The Star-Spangled Banner


The freedoms we enjoy in America speak of a greater and more enduring freedom — one whose symbols are a wooden cross and an empty tomb.

Last week I visited Fort McHenry in Baltimore, Maryland. This fort is best known for the role it played in the war of 1812. The soldiers who occupied this fort successfully defended the Baltimore Harbor from attack by the British Navy.

Francis Scott Key was aboard a British ship anchored in the Baltimore Harbor to negotiate the release of prisoners. While on board, he learned of the British Navy’s plan to attack Fort McHenry. He was not allowed to leave the ship until the battle ended. As he penned, he watched “the rockets’ red glare and the bombs bursting in air” throughout the night.

The dawn of September 14, 1814, Key saw the American flag, 30′ by 42′ in size, waving over Fort McHenry. The sight of “old glory” inspired him to write the famous words of The Star-Spangled Banner.

This powerful poem captured the essence of the indomitable American spirit. Some 100 years later, by decree of Pres. Woodrow Wilson, it was adopted as our national anthem. Once adopted, the Star-Spangled Banner was inextricably linked to the American flag as symbols of our freedom.

We cherish these symbols and the American way of life they represent. The very act of singing the national anthem as we fix our eyes on a flag waving in the distance invokes a sense of patriotism and thankfulness in each of us.

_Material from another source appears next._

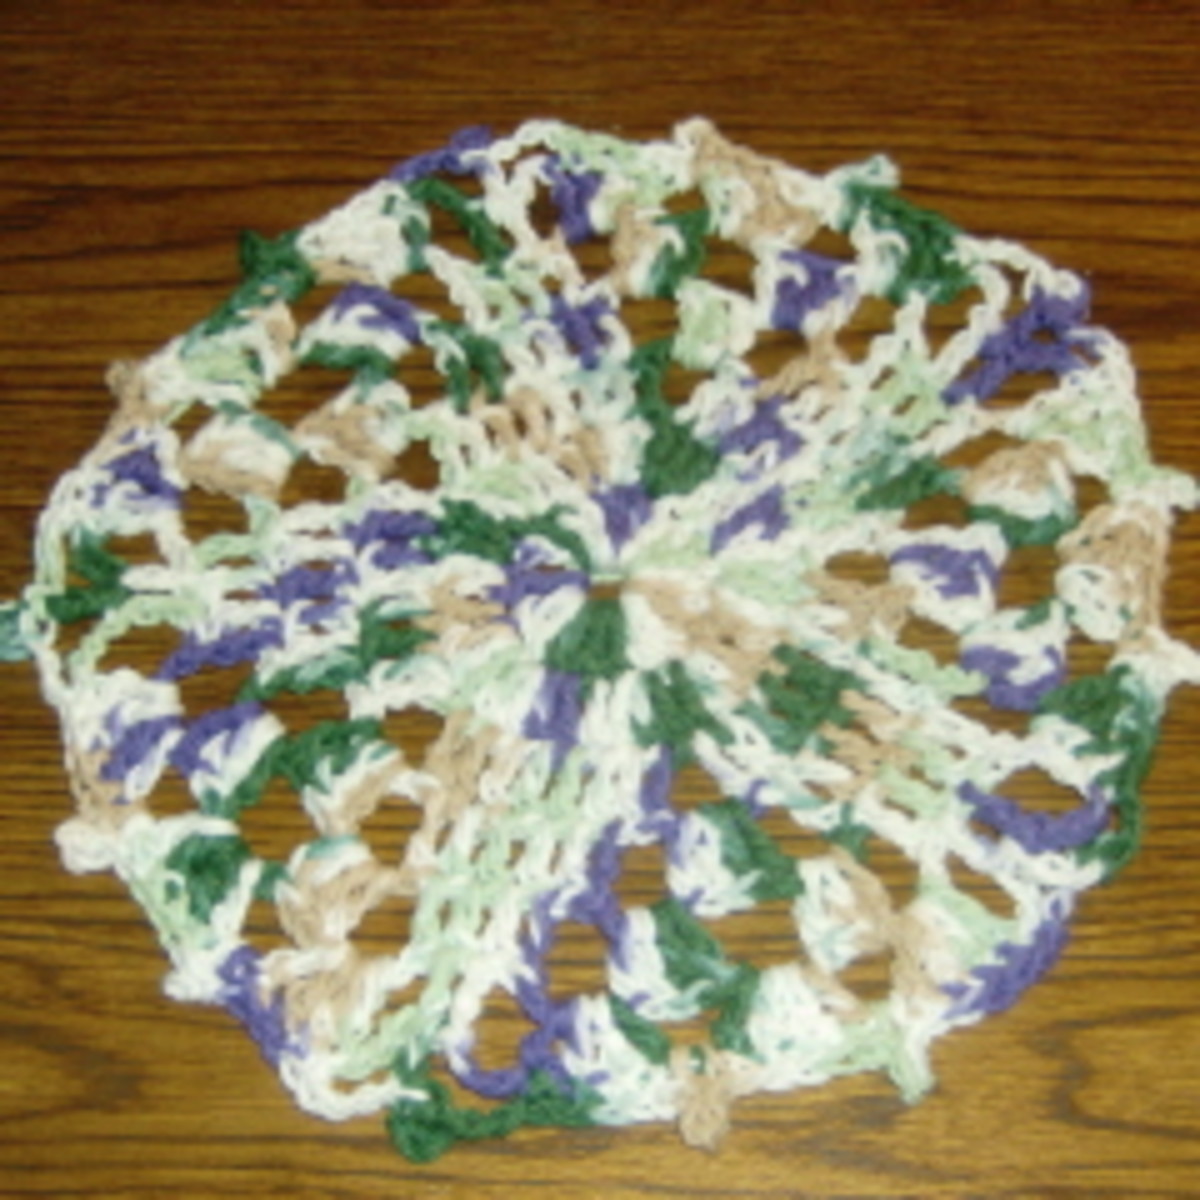 Crochet Star Dishcloth

We are privileged as American citizens to have freedom of religion, free speech and the right to pursue happiness, just to name a few. These are the qualities of freedom that these wonderful symbols point us to. They also issue a warning that these freedoms could be taken away or lost. We should never take them for granted.

What we have in America speaks of a greater and more enduring freedom, one whose symbols are a wooden cross and an empty tomb. These symbols point us to the newness of life we have in Jesus Christ, a life marked by freedom from sin and death, freedom from legalism and freedom from the fear of death. These are freedoms that Christ purchased for us and they can never be taken away.

When you think of the cross and empty tomb, what aspects of your new life in Christ are you most thankful for? For me, it’s the truth that I’ve crossed over from death to life. What about you?